January 30, 2013 at 5:54 p.m.
Letter to the editor
Letter: Restrictions on non-Bermudian property owners will thwart hotel development
A significant number of wealthy non-Bermudian homeowners have purchased condominiums and villas that were built (or are being built) by hotel properties in critical need of cash flow. (It is important to note, here, that every hotel that has proposed development in Bermuda for the past 20 years has absolutely required such a source of funds to make its plans viable. We will see no hotel development without associated high-end real estate sales.)
Now Government has said to the prospective buyers of such homes — wealthy people with an infinity of choices about where to spend their time and money — that, even if they elect NOT to put their homes into a hotel rental pool (that is, choose not to allow strangers to use their homes when they are not here — the prevalent choice among those who can afford these high end homes), the owners, themselves, will not be permitted to use their homes for three-quarters of the year.

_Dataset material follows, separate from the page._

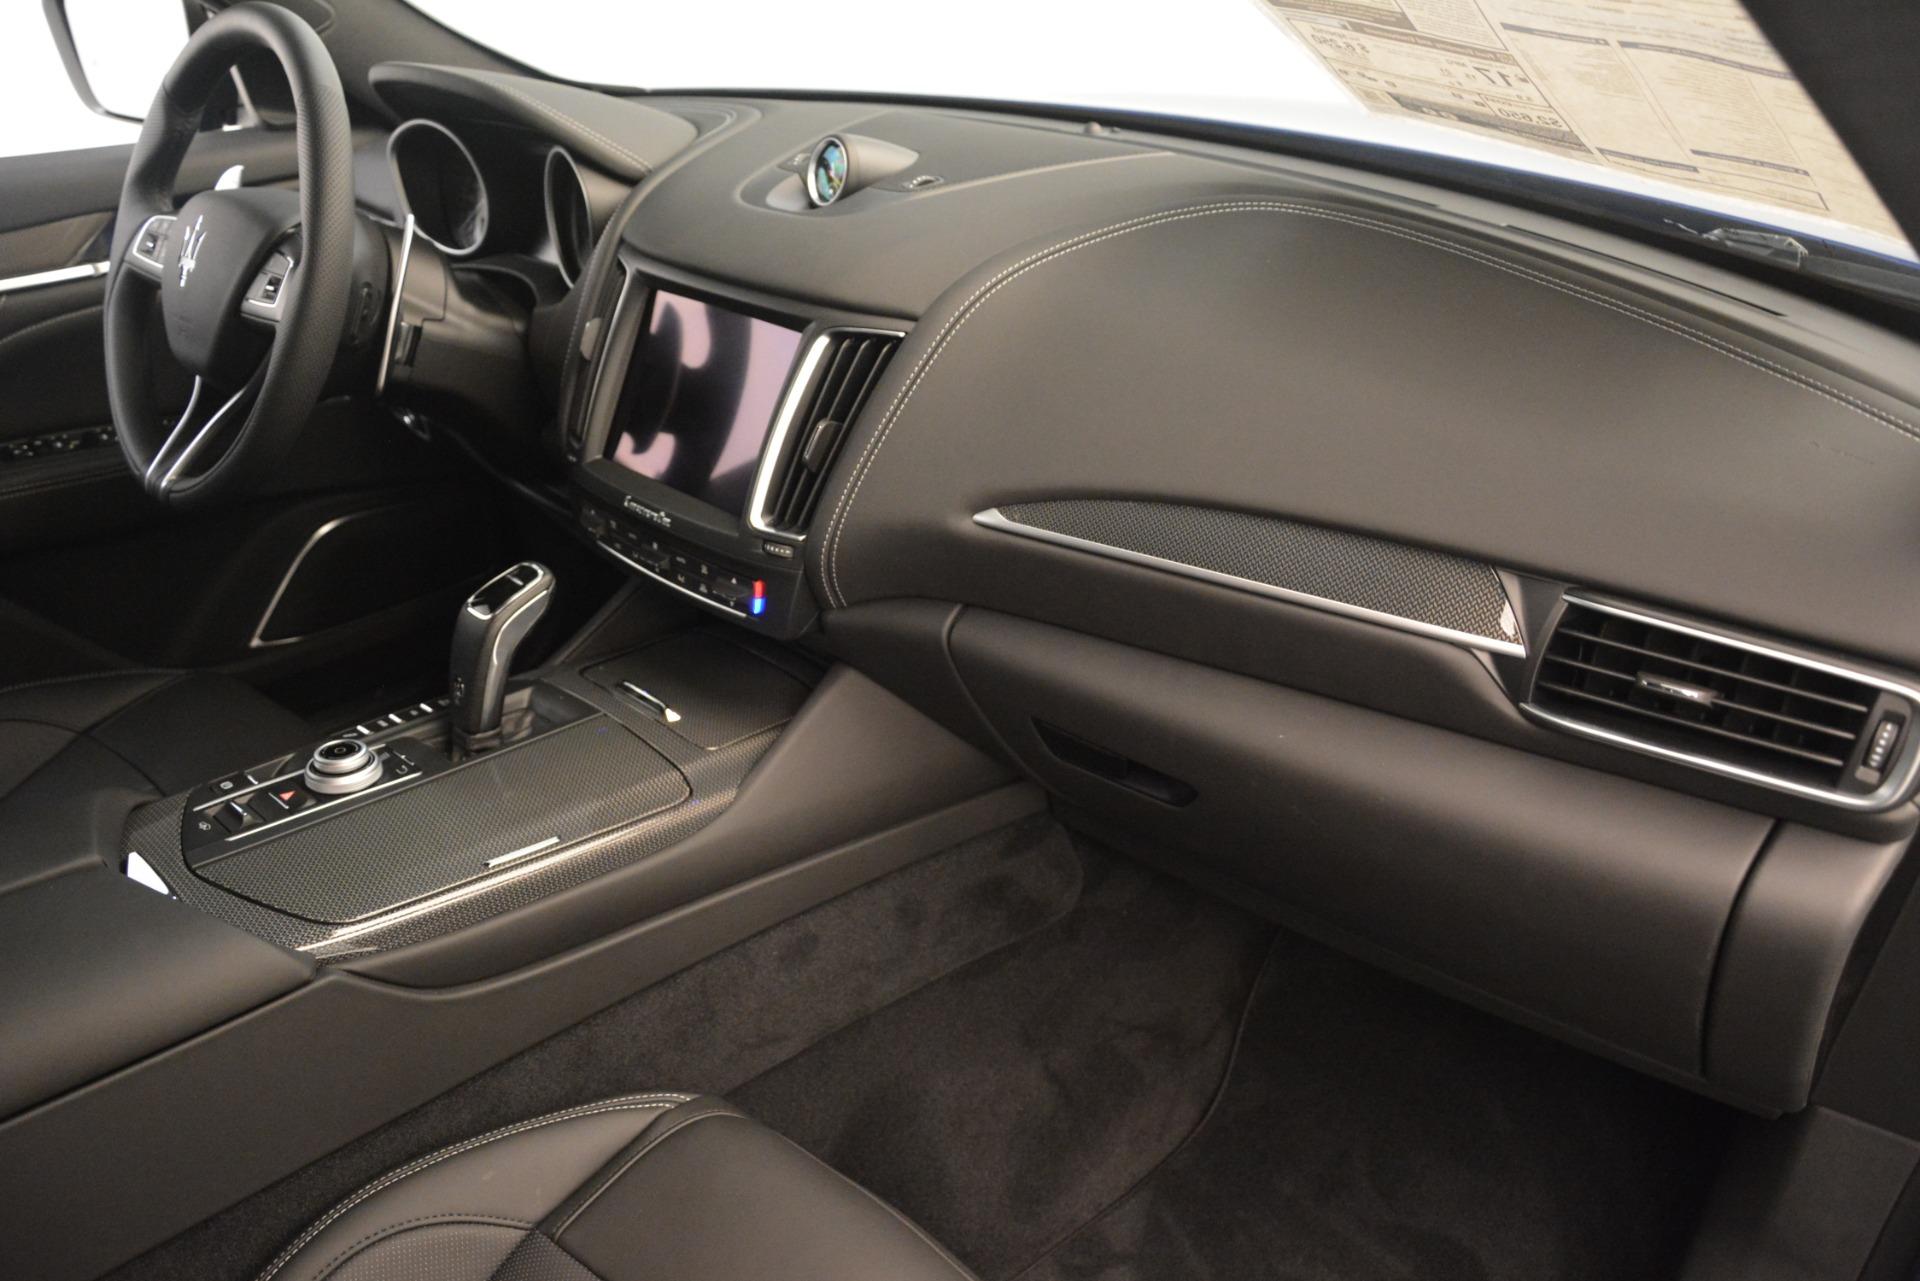 New 2019 Maserati Levante SQ4 GranSport Nerissimo For Sale In Greenwich, CT 3179_p22

They CANNOT come here and spend their money. They cannot come here and host scores of friends to spend their money and support our economy. Their houses must sit empty for three-quarters of the year. And we may only expect to see these owners in our shops and bars and restaurants and attractions and taxis for 90 days out of each year... no matter how often they might want to be here (... if they choose to buy at all under such a constraint. Most will not.)
This limitation, in turn, makes the value of these properties lower, as they will be less desirable to people who don’t want to be told that they may not use their own homes for such a large portion of every year, despite having paid millions of dollars for them including substantial payments to the Bermuda Government. So hotel developers that might have been able to build here partly on the strength of the cash to be generated by proposed real estate sales will see less potential benefit from doing so.
Personally, I am at a loss to understand how we, as a country, benefit from this policy in any way at all.
The only possibility I can even guess at is that someone expects that the value of resort homes will, as a result, be low enough for a wider spectrum of Bermudians to be able to purchase them... but in that case, the value to the developers will be too low to make them useful in funding new development, so they — and the hotels — are unlikely to be built at all.
I remain mystified and would welcome an explanation of the rationale for such a restriction.